Milkman’s doctoral dissertation concluded that people would choose either heroin or amphetamines depending on how they liked to deal with stress. Heroin users wanted to numb themselves; amphetamine users wanted to actively confront it. After this work was published, he was among a group of researchers drafted by the US National Institute on Drug Abuse to answer questions such as: why do people start using drugs? Why do they continue? When do they reach a threshold to abuse? When do they stop? And when do they relapse?

“Any college kid could say: why do they start? Well, there’s availability, they’re risk-takers, alienation, maybe some depression,” he says. “But why do they continue? So I got to the question about the threshold for abuse and the lights went on – that’s when I had my version of the ‘aha’ experience: they could be on the threshold for abuse before they even took the drug, because it was their style of coping that they were abusing.”

At Metropolitan State College of Denver, Milkman was instrumental in developing the idea that people were getting addicted to changes in brain chemistry. Kids who were “active confronters” were after a rush – they’d get it by stealing hubcaps and radios and later cars, or through stimulant drugs. Alcohol also alters brain chemistry, of course. It’s a sedative but it sedates the brain’s control first, which can remove inhibitions and, in limited doses, reduce anxiety.

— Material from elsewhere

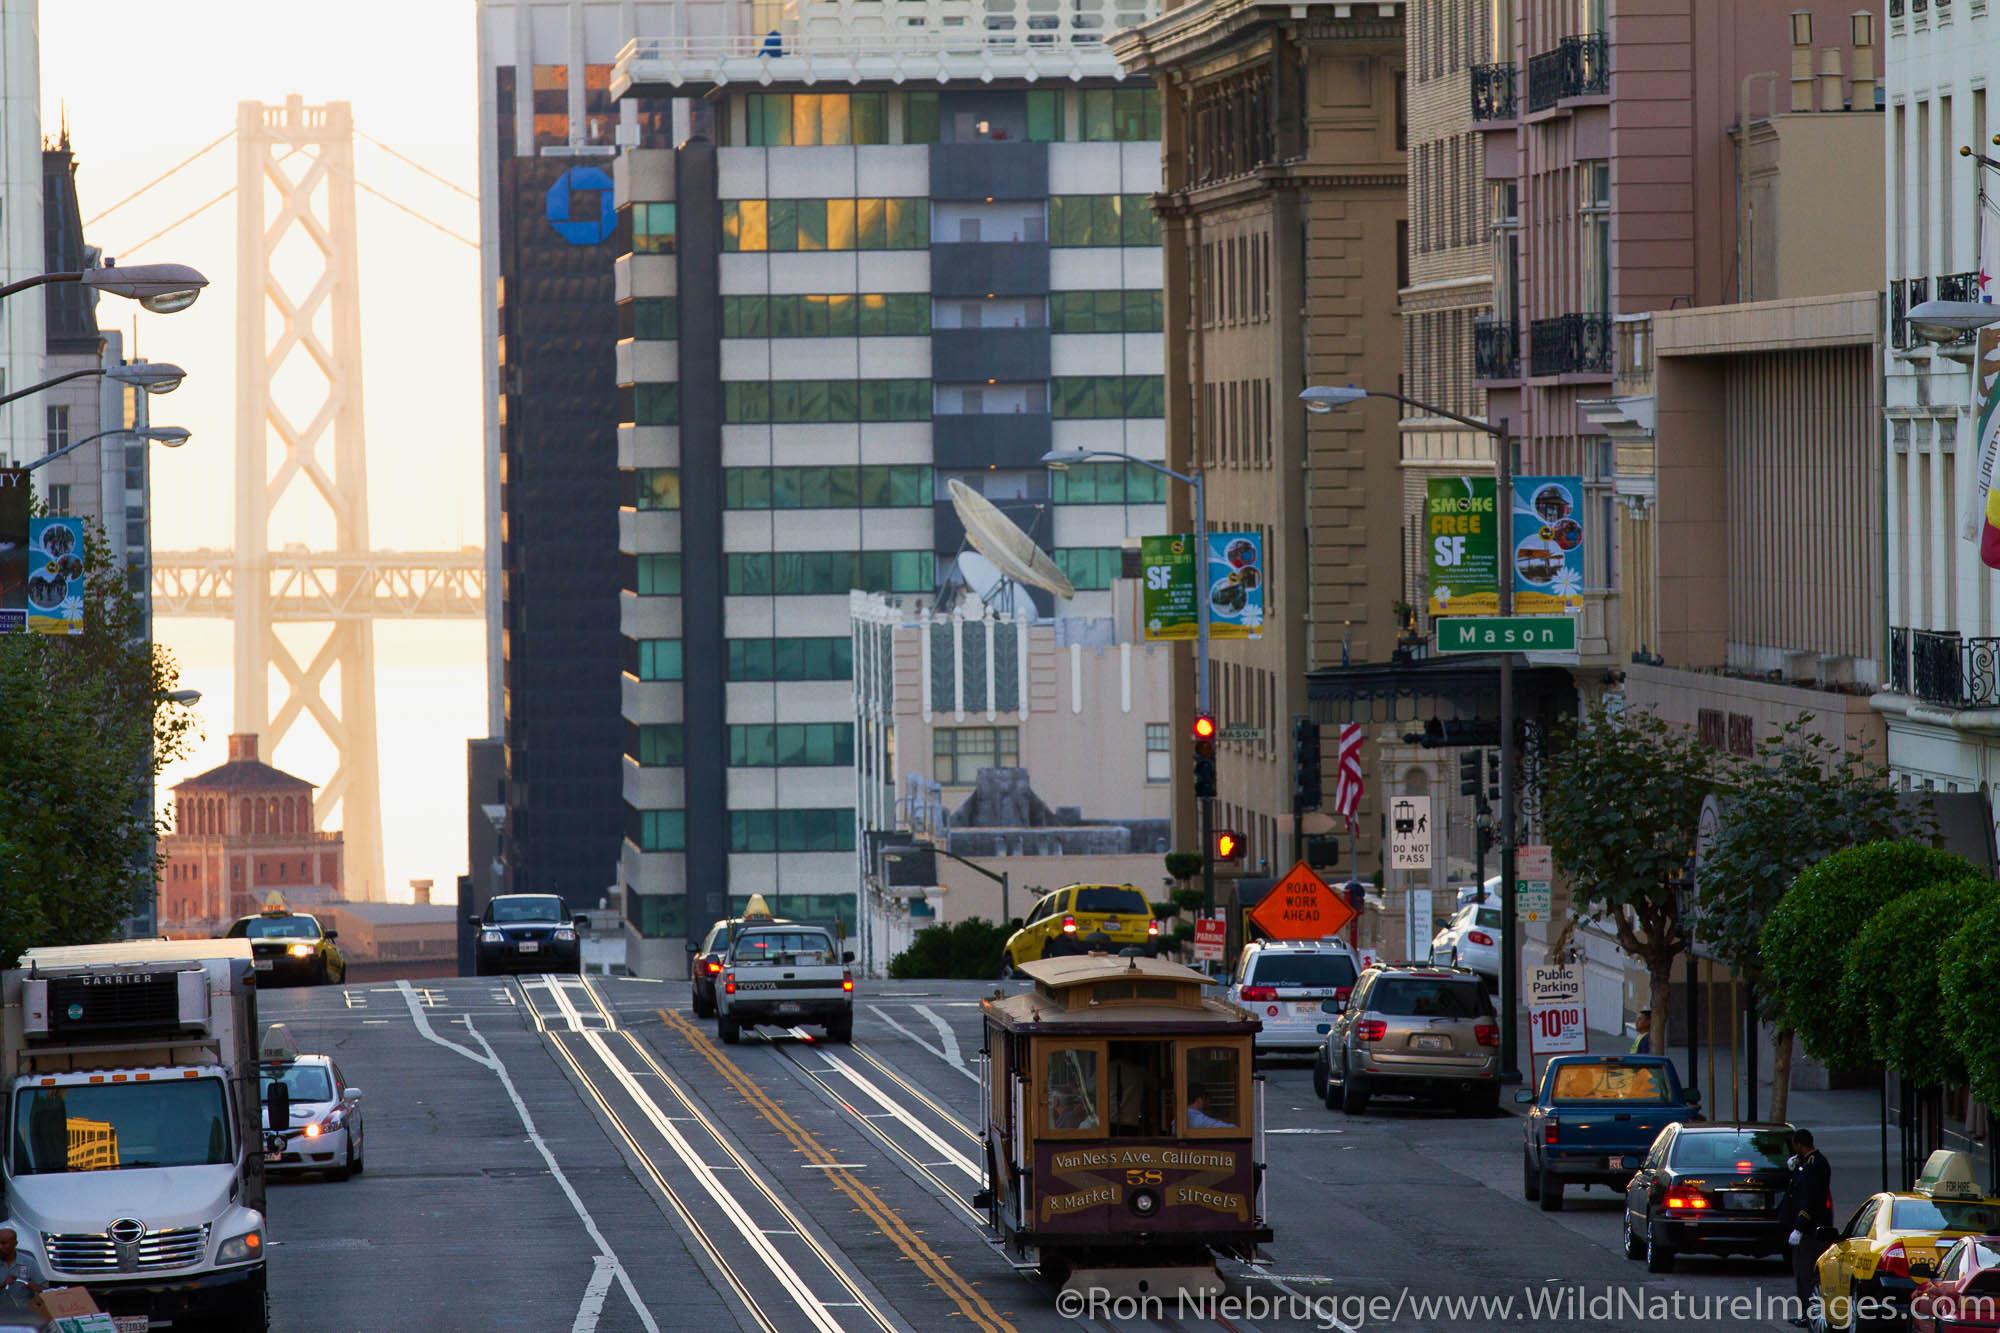 Cable Car makes its way through morning traffic, Bay Bridge in background.  San Francisco, CA

“People can get addicted to drink, cars, money, sex, calories, cocaine – whatever,” says Milkman. “The idea of behavioural addiction became our trademark.”

This idea spawned another: “Why not orchestrate a social movement around natural highs: around people getting high on their own brain chemistry – because it seems obvious to me that people want to change their consciousness – without the deleterious effects of drugs?”

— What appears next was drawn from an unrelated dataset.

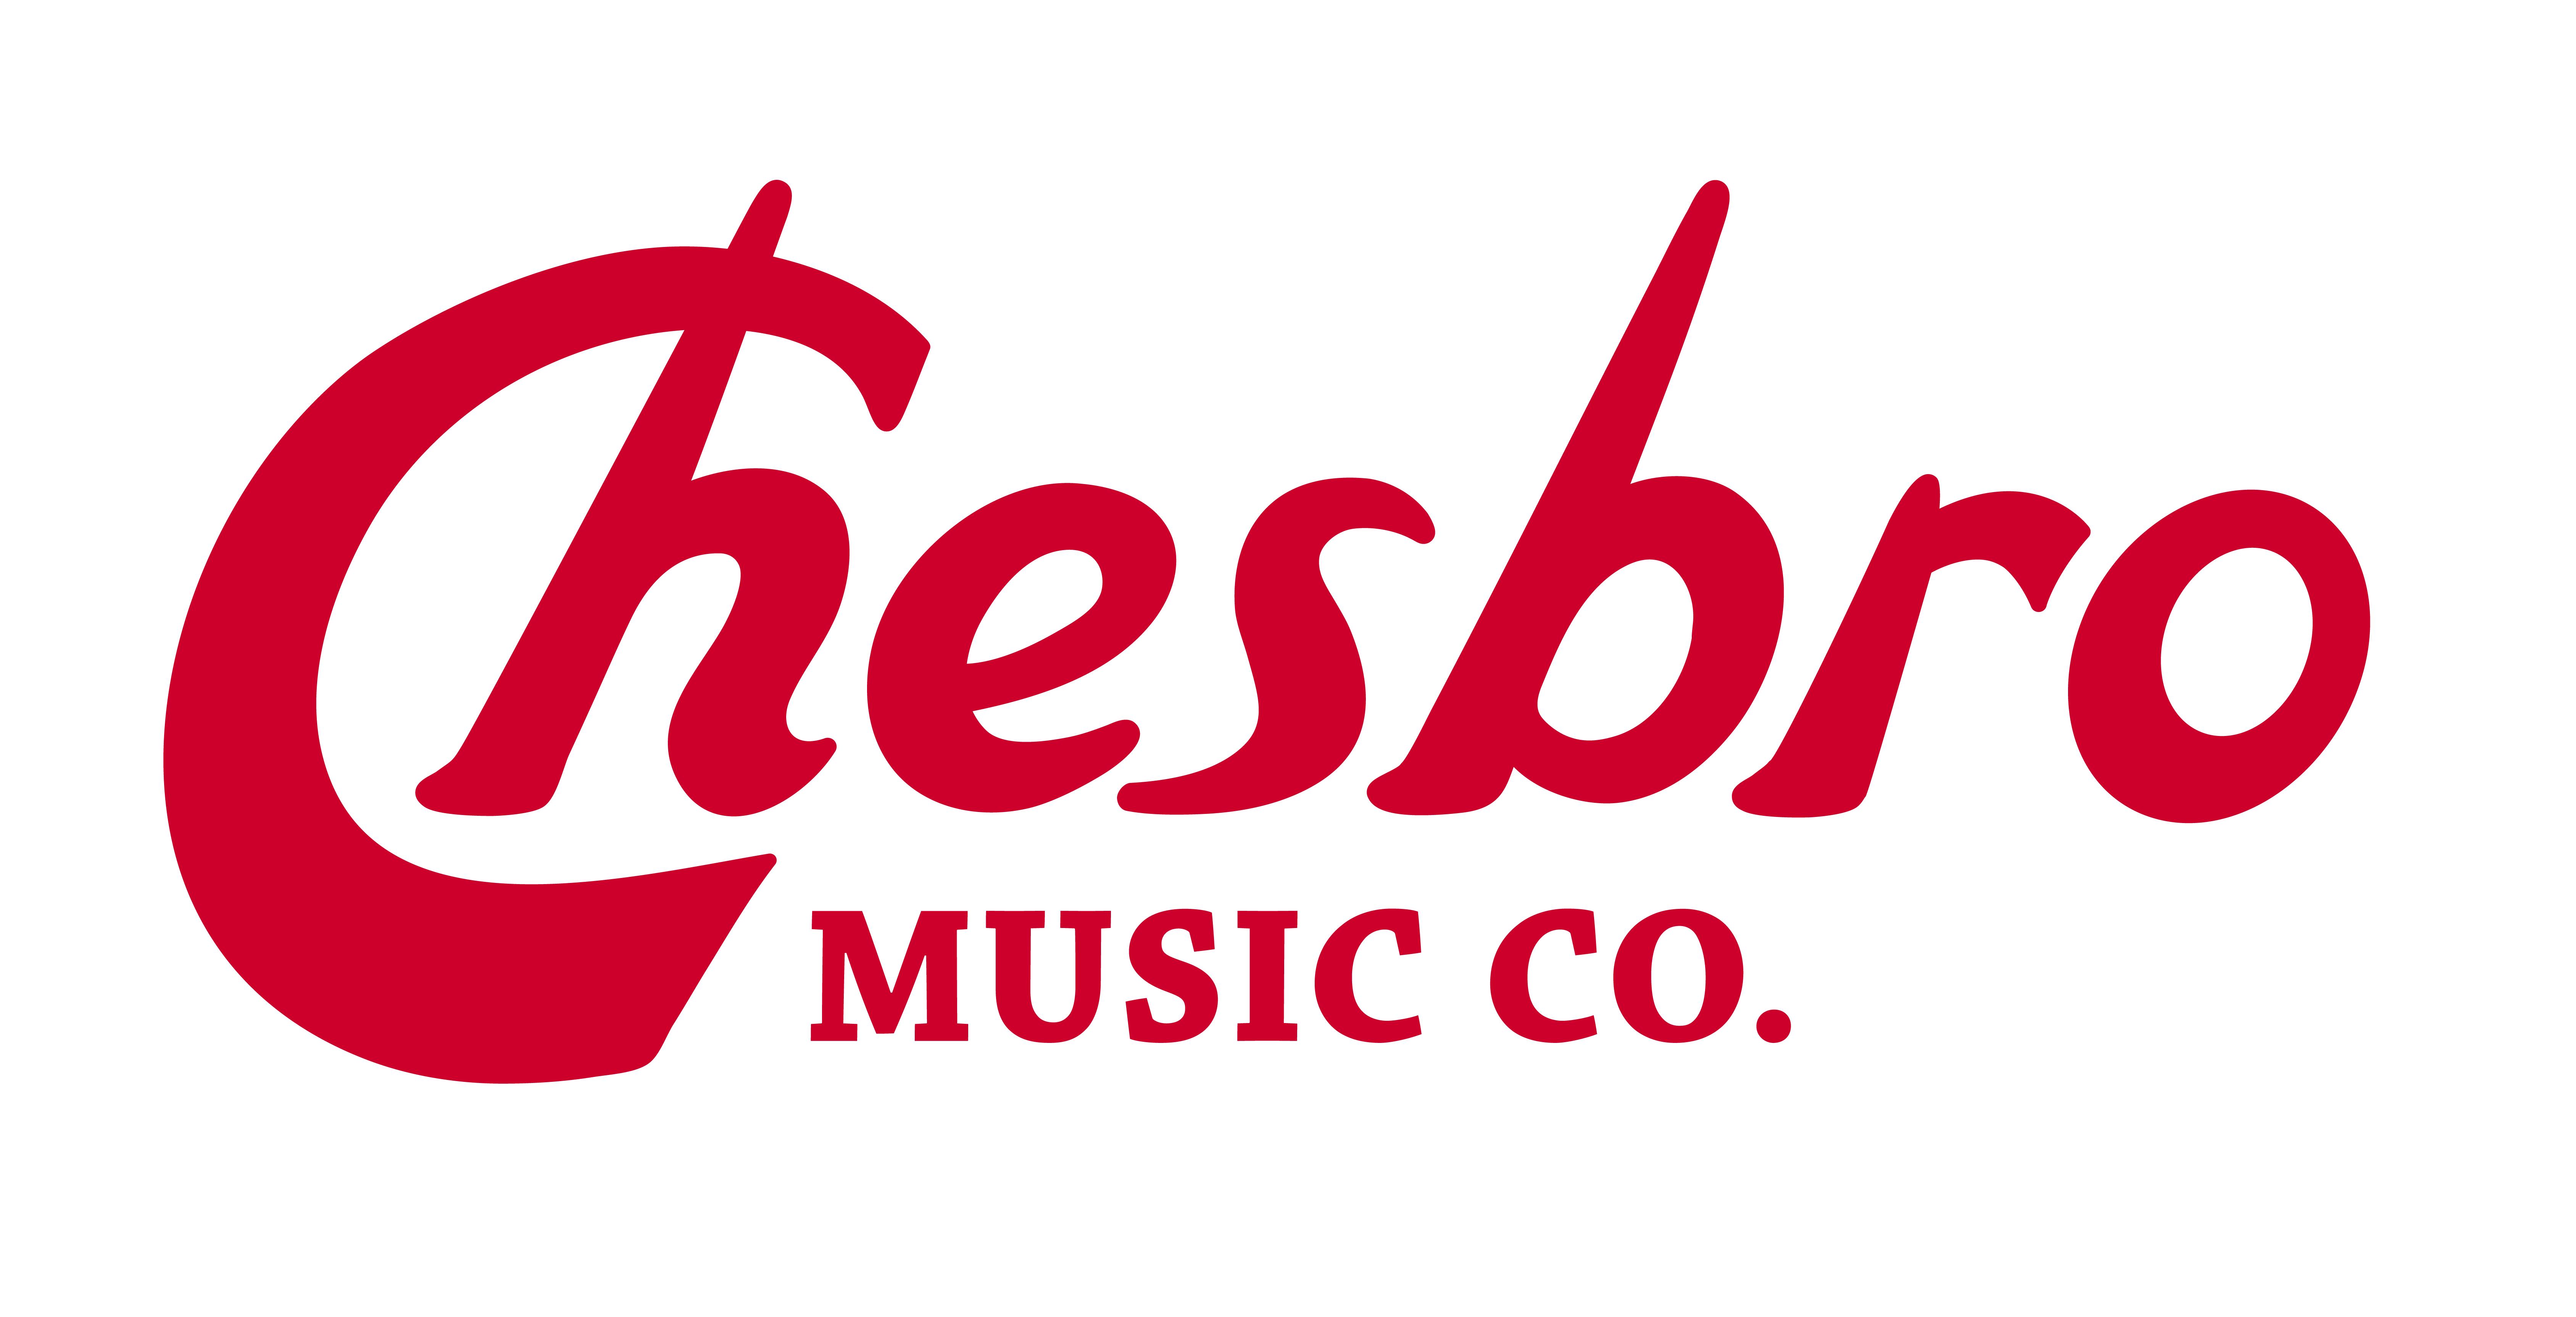 Chesbro Wholesale

By 1992, his team in Denver had won a $1.2 million government grant to form Project Self-Discovery, which offered teenagers natural-high alternatives to drugs and crime. They got referrals from teachers, school nurses and counsellors, taking in kids from the age of 14 who didn’t see themselves as needing treatment but who had problems with drugs or petty crime.

“We didn’t say to them, you’re coming in for treatment. We said, we’ll teach you anything you want to learn: music, dance, hip hop, art, martial arts.” The idea was that these different classes could provide a variety of alterations in the kids’ brain chemistry, and give them what they needed to cope better with life: some might crave an experience that could help reduce anxiety, others may be after a rush.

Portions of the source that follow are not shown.